Write the records out exactly as they read, but not the pictures.

(PROVIDED INFORMATION Opens)

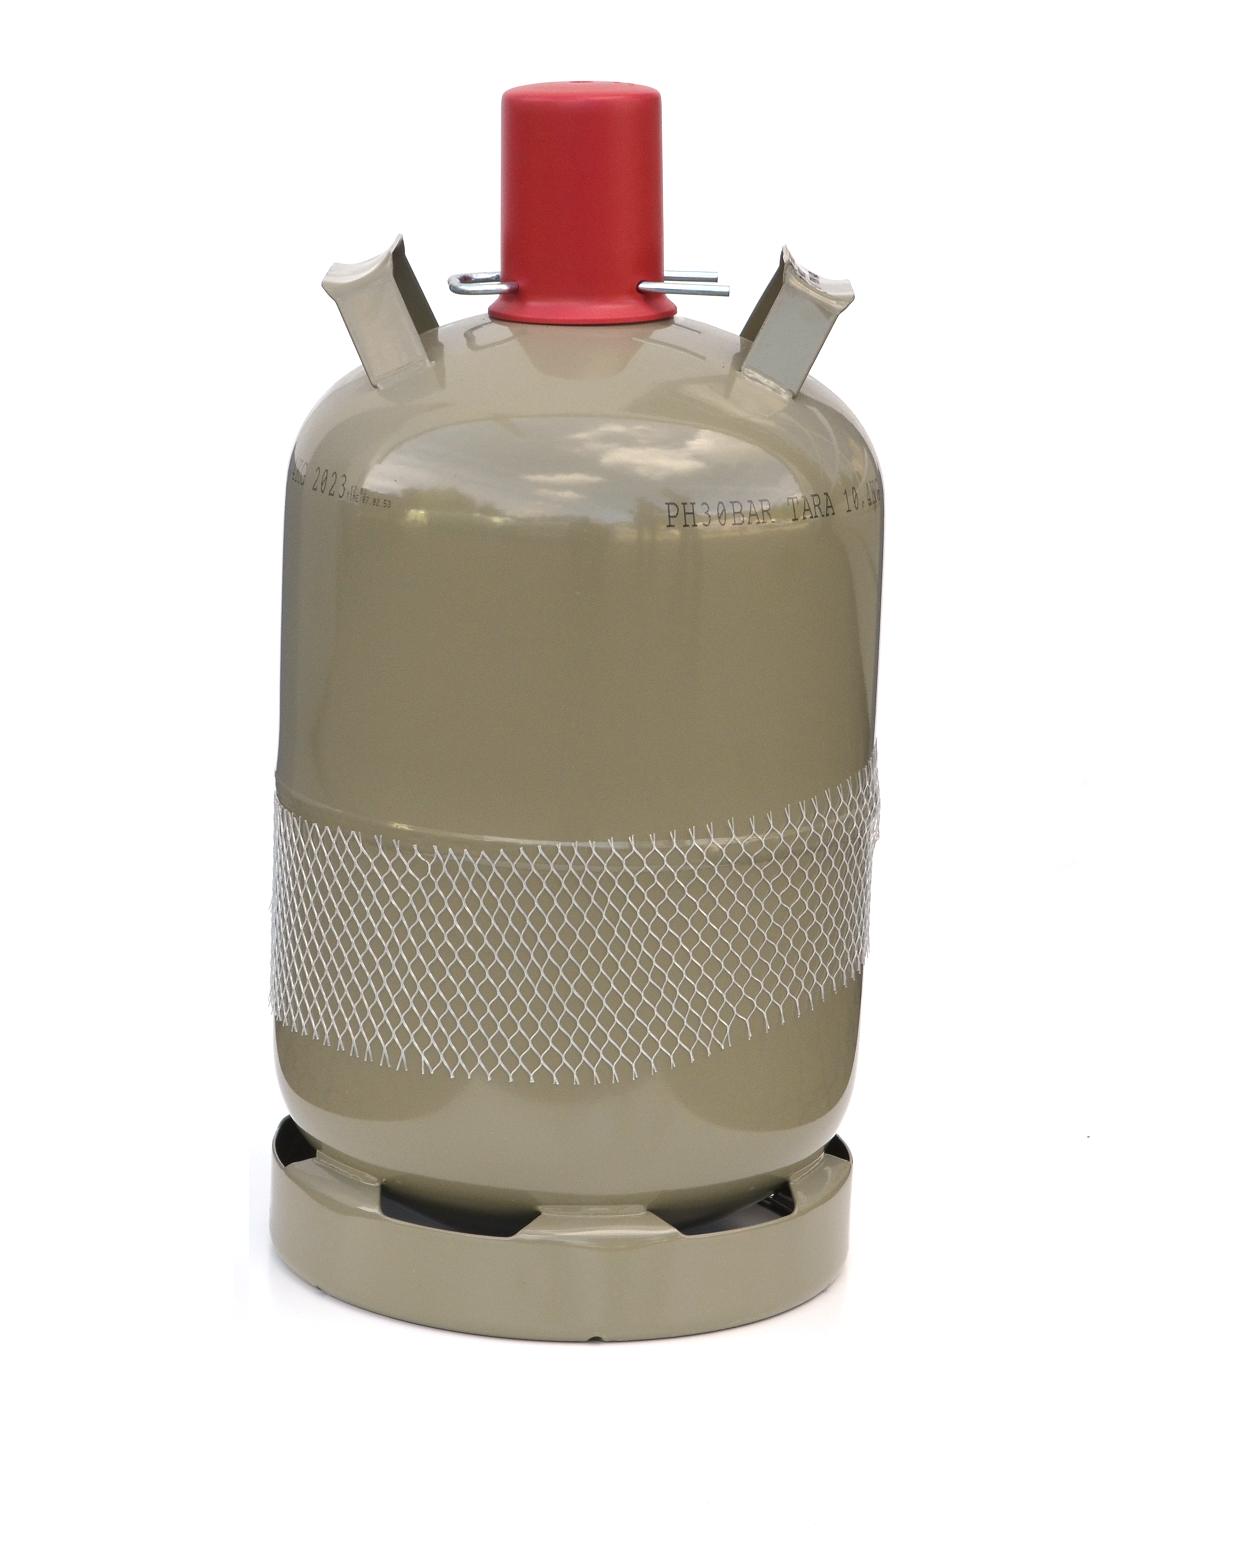 11 kg propangasflasche neu. Black Bedroom Furniture Sets. Home Design Ideas
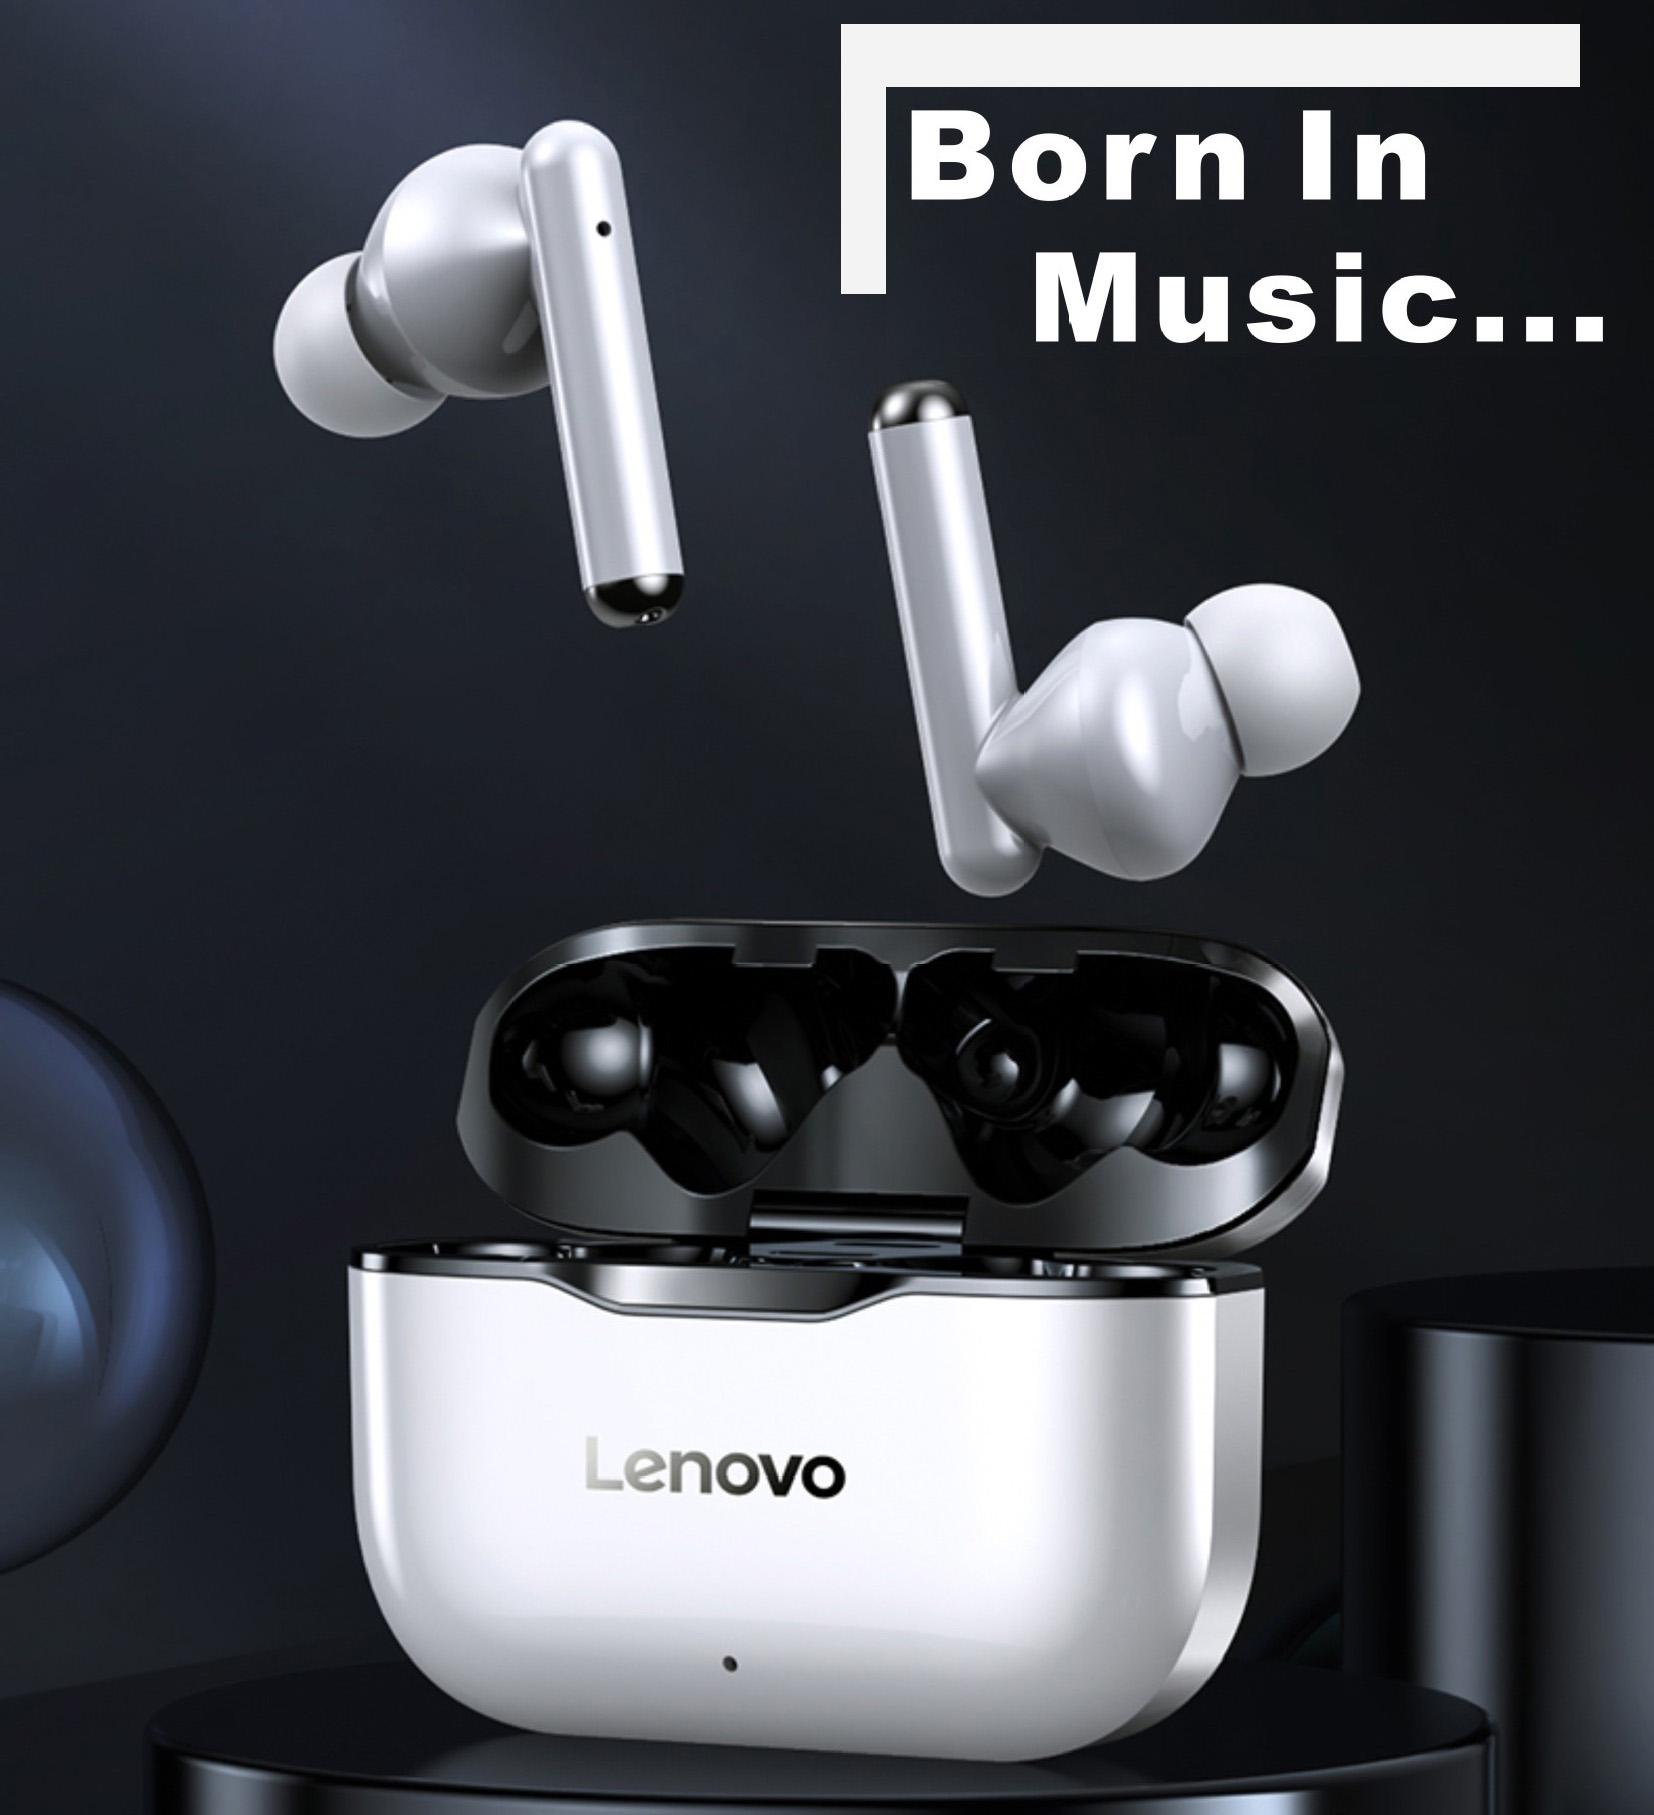 Lenovo LP1 TWS drahtlose Bluetooth 5.0 Kopfhörer Earbuds Noise Cancellation mit Mikrofon Touch Control Auto Connect Headset DHL frei
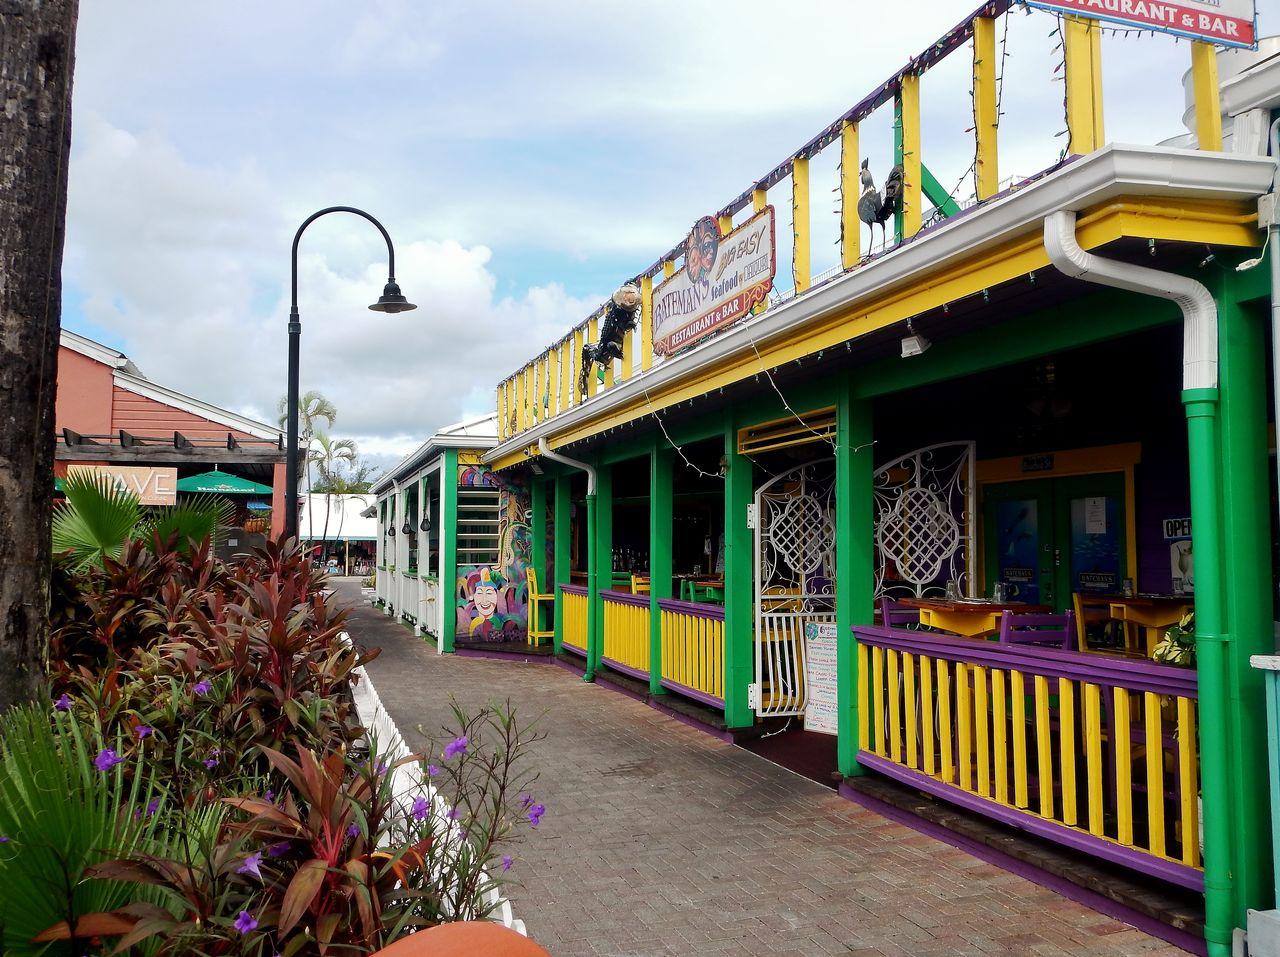 Bahamas Grand Bahama Port Lucaya Marketplace
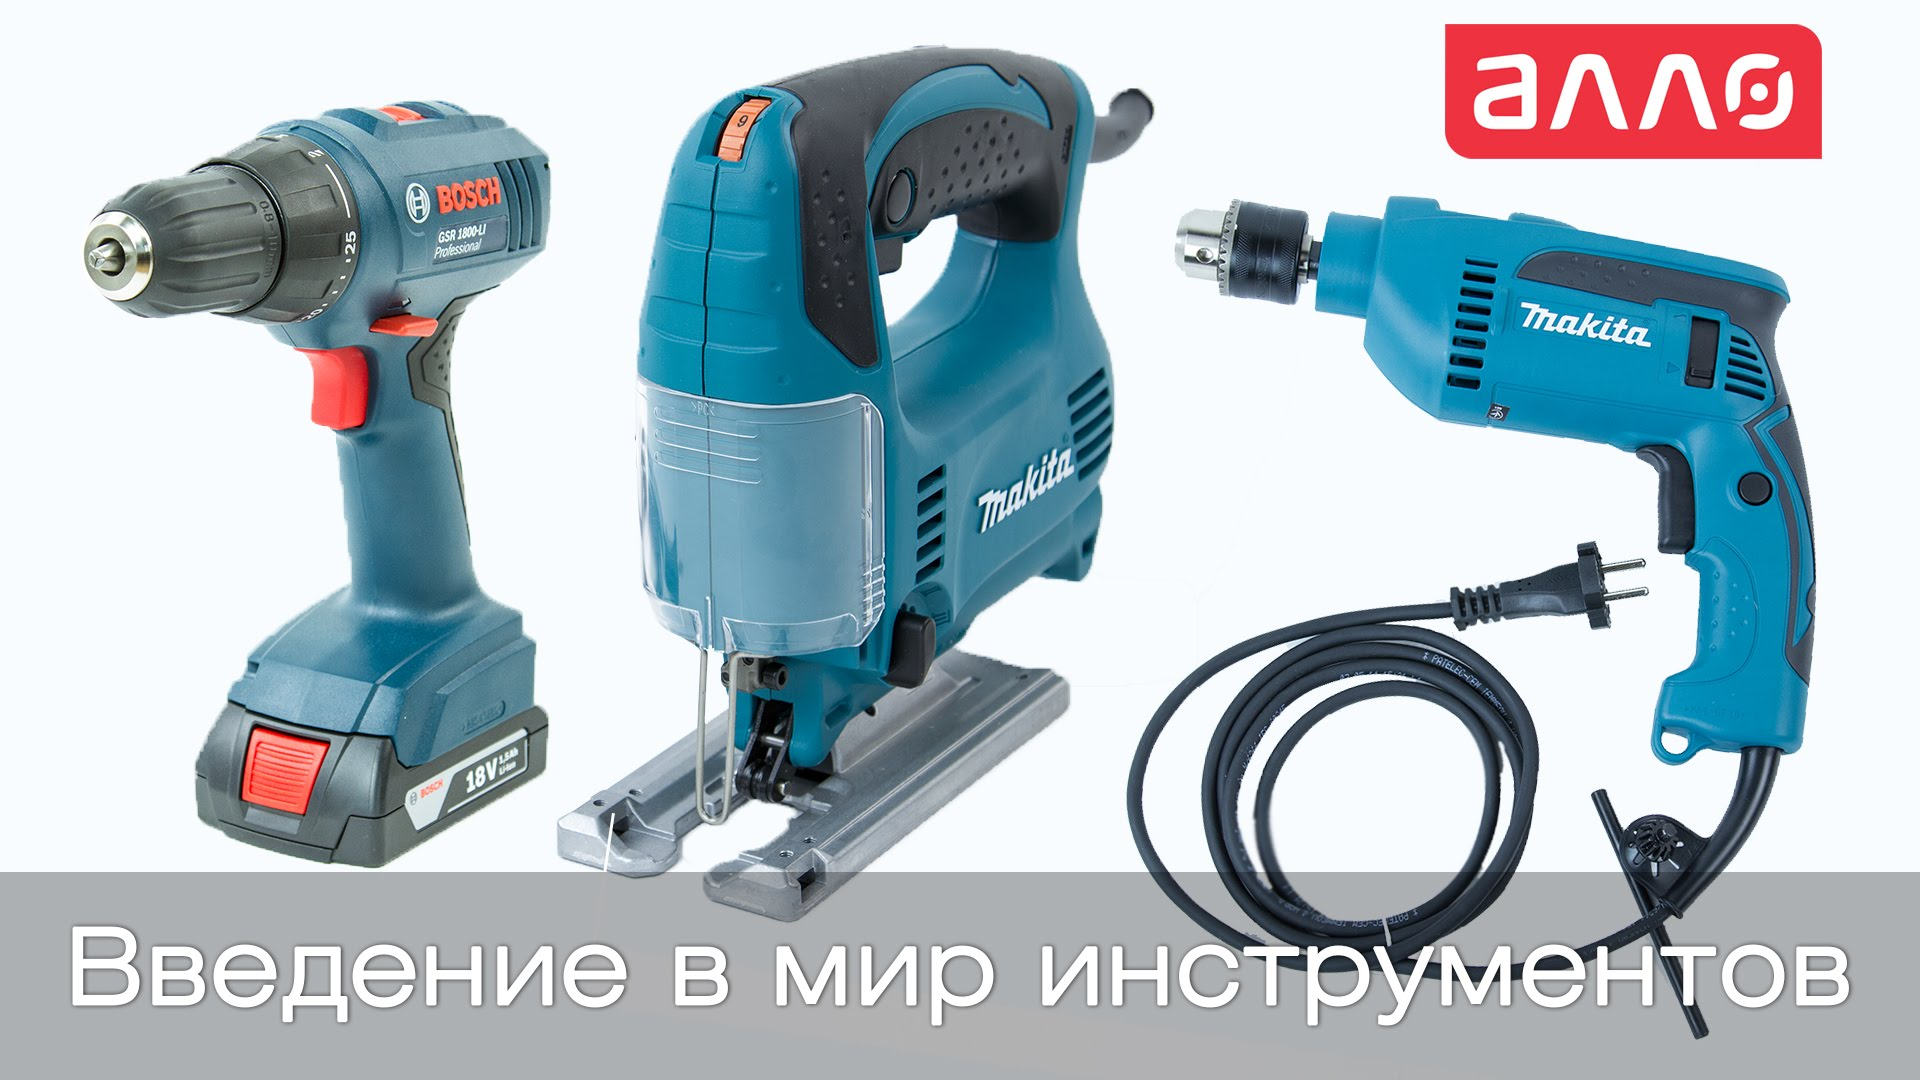 инструкция на электрорубанок rebir ie-5709m
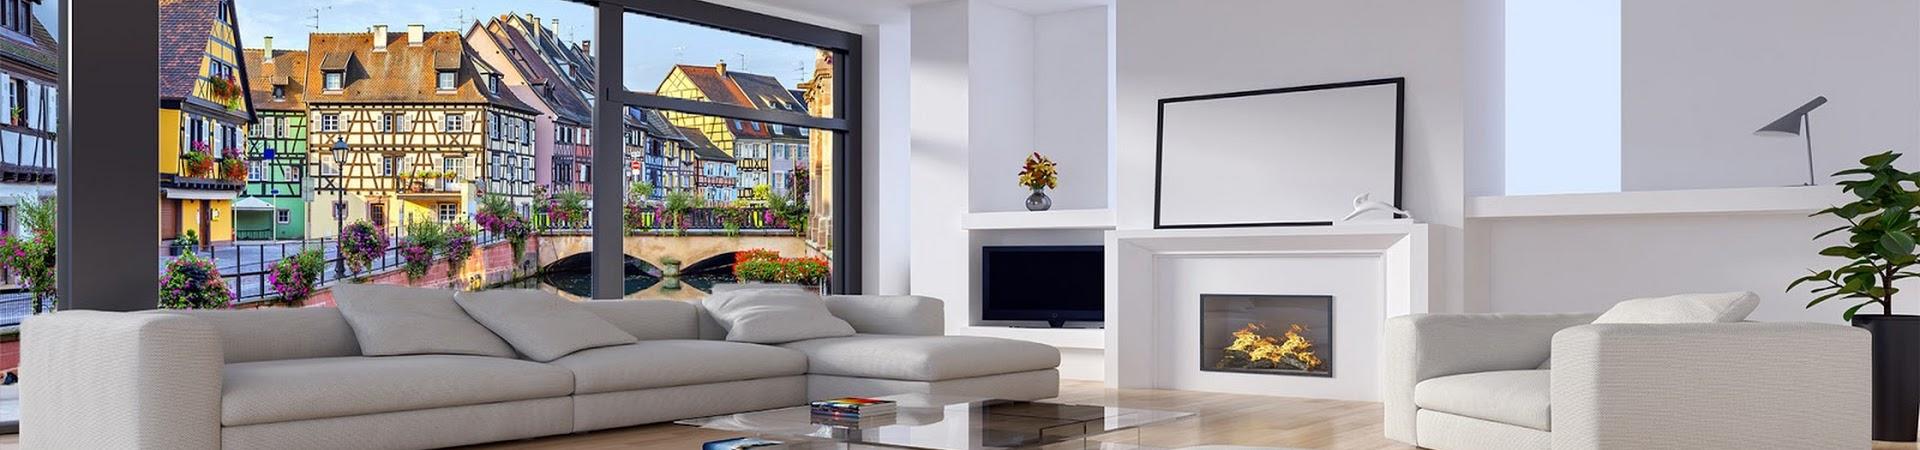 Immobilier Riedisheim

(PROVIDED INFORMATION Closes)

## RESPONSE
 11 kg propangasflasche neu. Black Bedroom Furniture Sets. Home Design Ideas
 Lenovo LP1 TWS drahtlose Bluetooth 5.0 Kopfhörer Earbuds Noise Cancellation mit Mikrofon Touch Control Auto Connect Headset DHL frei
 Bahamas Grand Bahama Port Lucaya Marketplace
 инструкция на электрорубанок rebir ie-5709m
 Immobilier Riedisheim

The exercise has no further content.